— Your objective —
Make an exact copy of the whole listing, but leave its pictures out.

— Stored data —
++++++++++++++++++++
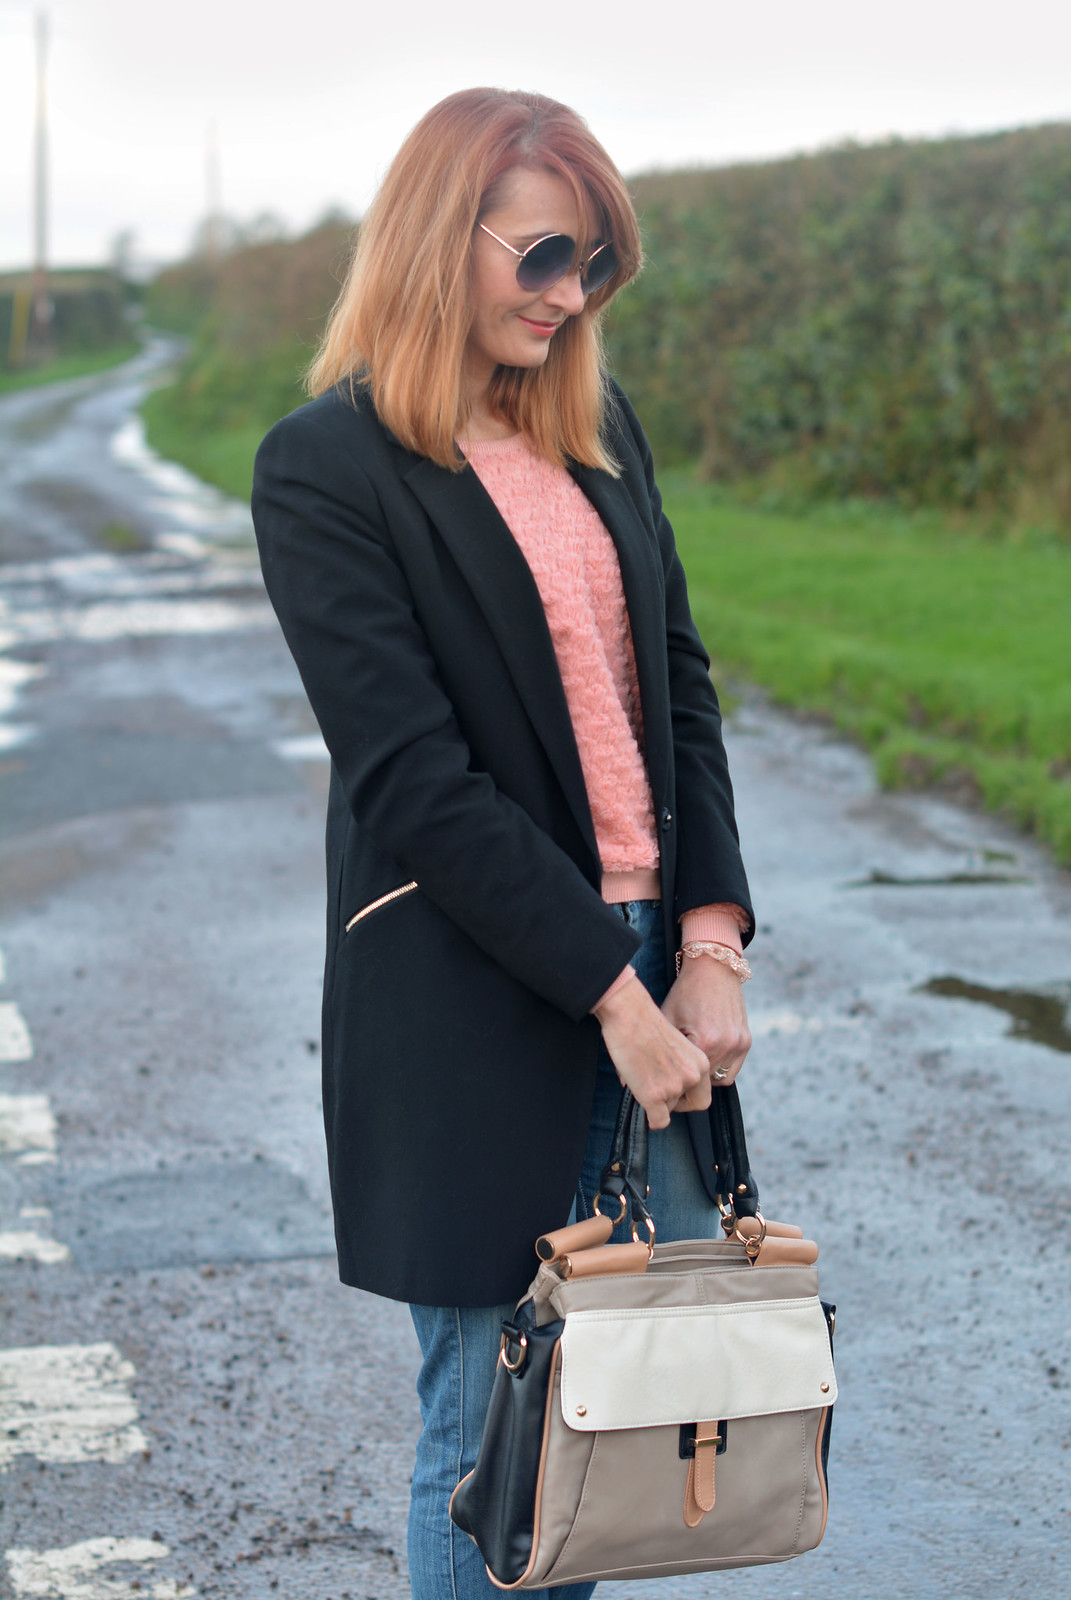 Longline black blazer, boyfriend jeans, colourblock bag
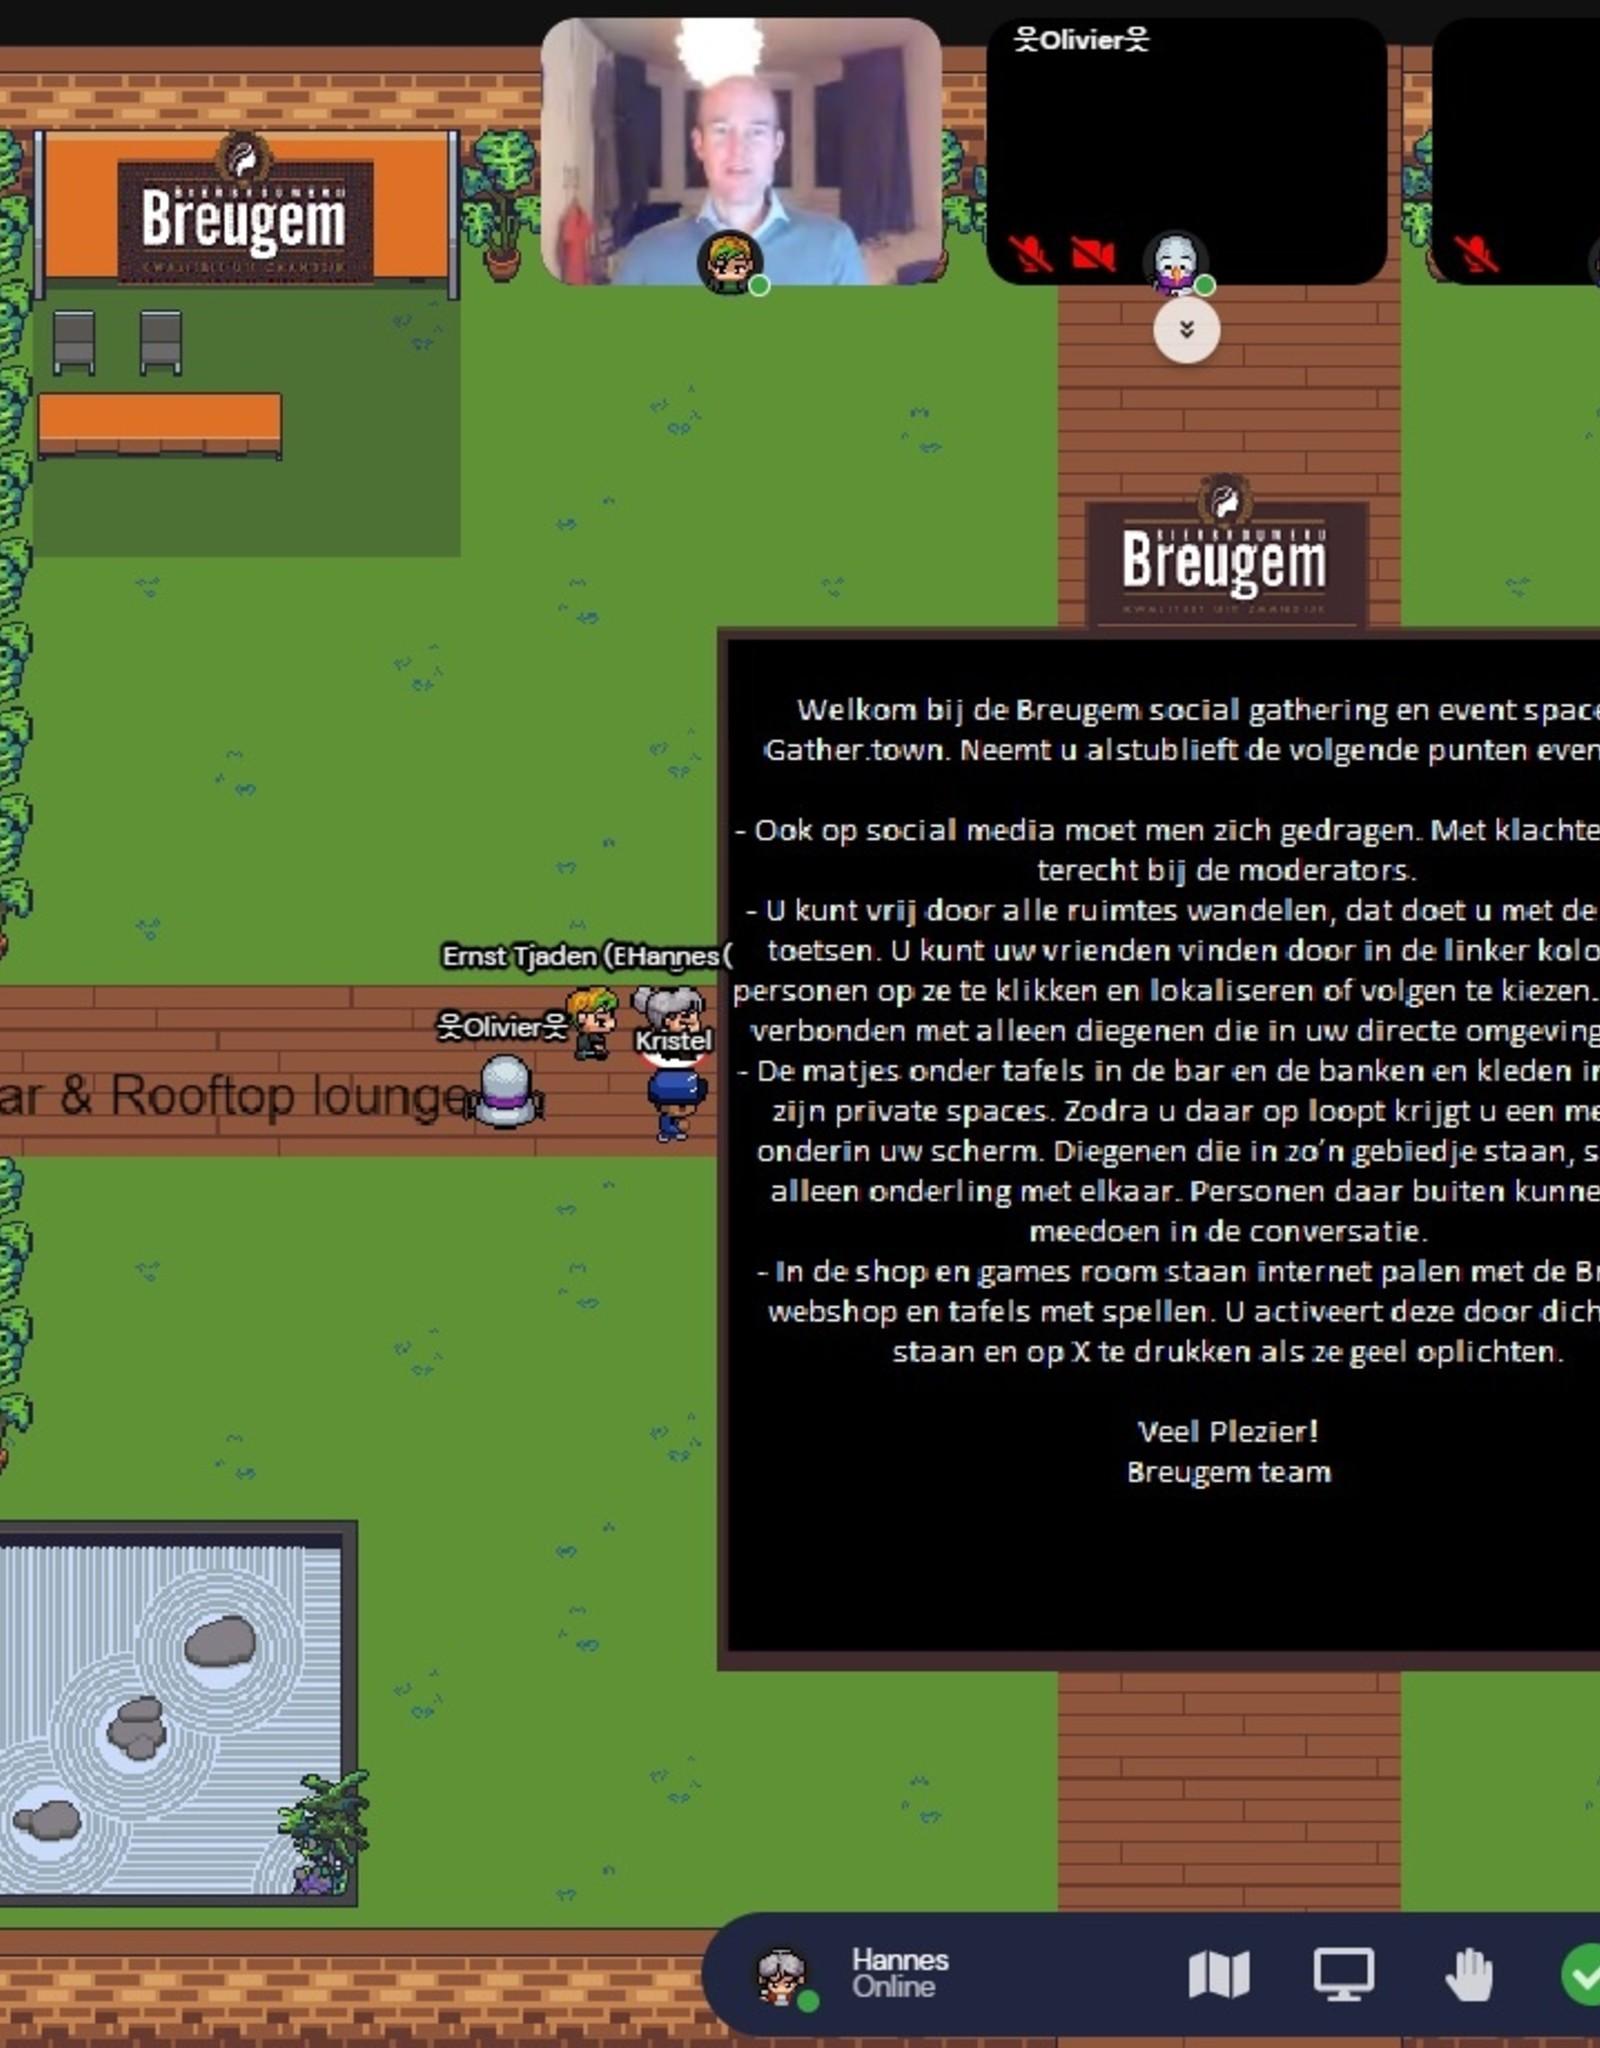 Concarne Breugem's Bar Box
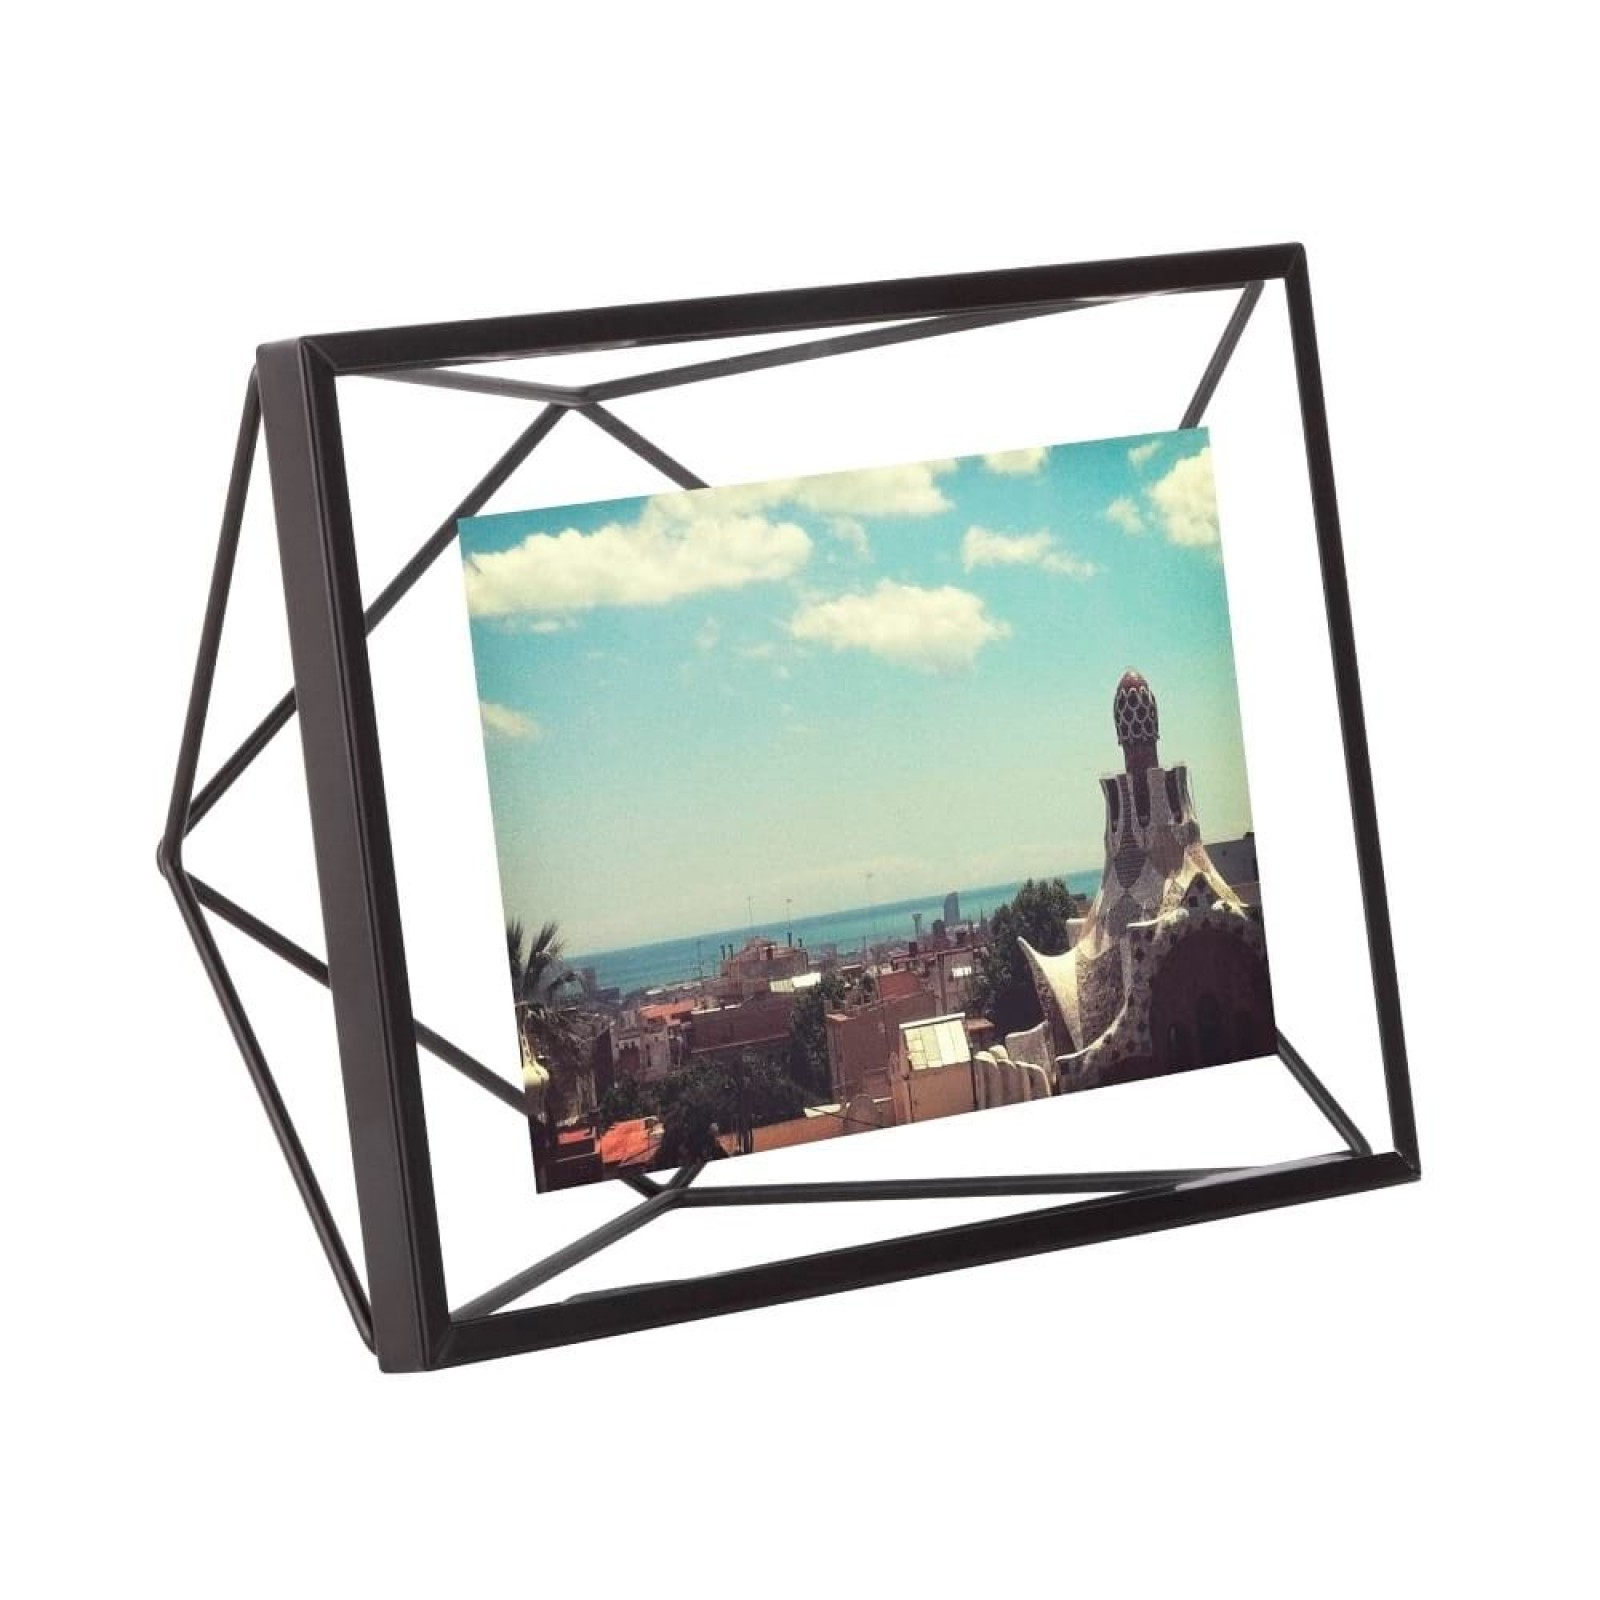 Prisma Photo Display 10 x 15 cm (Black) - Umbra
++++++++++++++++++++
— Exercise solution —
 Longline black blazer, boyfriend jeans, colourblock bag
 Concarne Breugem's Bar Box
 Prisma Photo Display 10 x 15 cm (Black) - Umbra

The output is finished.